Related: asm loop basics: While, Do While, For loops in Assembly Language (emu8086)
Terminology: Wikipedia says "loop inversion" is the name for turning a while(x) into if(x) do{}while(x), putting the condition at the bottom of the loop where it belongs.
Fewer instructions / uops inside the loop = better. Structuring the code outside the loop to achieve this is very often a good idea.
Sometimes this requires "loop rotation" (peeling part of the first iteration so the actual loop body has the conditional branch at the bottom). So you do some of the first iteration and maybe skip the loop entirely, then fall into the loop. Sometimes you also need some code after the loop to finish the last iteration.
Sometimes loop rotation is extra useful if the last iteration is a special case, e.g. a store you need to skip. This lets you implement a while(1) {... ; if(x)break; ...; } loop as a do-while, or put one of the conditions of a multiple-condition loop at the bottom.
Some of these optimizations are related to or enable software pipelining, e.g. loading something for the next iteration. (OoO exec on x86 makes SW pipelining not very important these days but it's still useful for in-order cores like many ARM. And unrolling with multiple accumulators is still very valuable for hiding loop-carried FP latency in a reduction loop like a dot product or sum of an array.)
do{}while() is the canonical / idiomatic structure for loops in asm on all architectures, get used to it. IDK if there's a name for it; I would say such a loop has a "do while structure". If you want names, you could call the while() structure "crappy unoptimized code" or "written by a novice". :P Loop-branch at the bottom is universal, and not even worth mentioning as a Loop Optimization. You always do that.
This pattern is so widely used that on CPUs that use static branch prediction for branches without an entry in the branch-predictor caches, unknown forward conditional branches are predicted not-taken, unknown backwards branches are predicted taken (because they're probably loop branches). See Static branch prediction on newer Intel processors on Matt Godbolt's blog, and Agner Fog's branch-prediction chapter at the start of his microarch PDF.

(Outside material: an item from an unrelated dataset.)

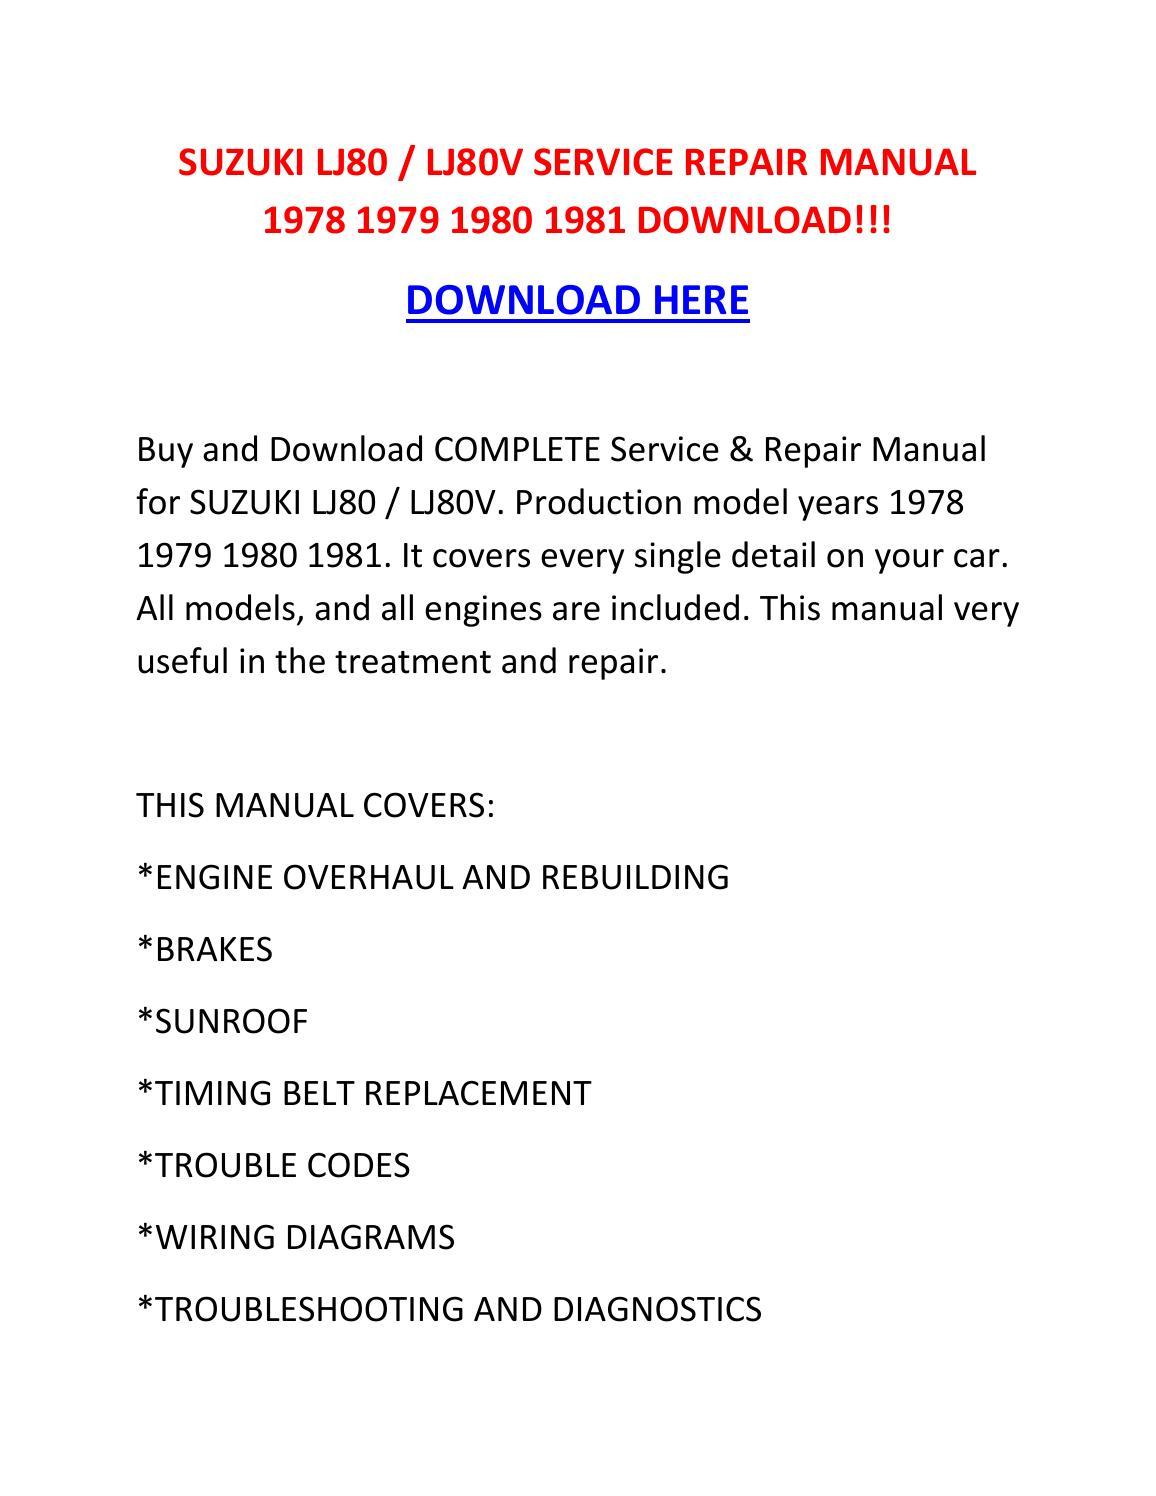 Suzuki Lj80 Lj80v Service Repair Manual 1978 1979 1980

This answer ended up using x86 examples for everything, but much of this applies across the board for all architectures. I wouldn't be surprised if other superscalar / out-of-order implementations (like some ARM, or POWER) also have limited branch-instruction throughput whether they're taken or not. But fewer instructions inside the loop is nearly universal when all you have is a conditional branch at the bottom, and no unconditional branch.
If the loop might need to run zero times, compilers more often put a test-and-branch outside the loop to skip it, instead of jumping to the loop condition at the bottom. (i.e. if the compiler can't prove the loop condition is always true on the first iteration).
BTW, this paper calls transforming while() to if(){ do{}while; } an "inversion", but loop inversion usually means inverting a nested loop. (e.g. if the source loops over a row-major multi-dimensional array in the wrong order, a clever compiler could change for(i) for(j) a[j][i]++; into for(j) for(i) a[j][i]++; if it can prove it's correct.) But I guess you can look at the if() as a zero-or-one iteration loop. Fun fact, compiler devs teaching their compilers how to invert a loop (to allow auto-vectorization) for a (very) specific case is why SPECint2006's libquantum benchmark is "broken". Most compilers can't invert loops in the general case, just ones that looks almost exactly like the one in SPECint2006...
You can help the compiler make more compact asm (fewer instructions outside the loop) by writing do{}while() loops in C when you know the caller isn't allowed to pass size=0 or whatever else guarantees a loop runs at least once.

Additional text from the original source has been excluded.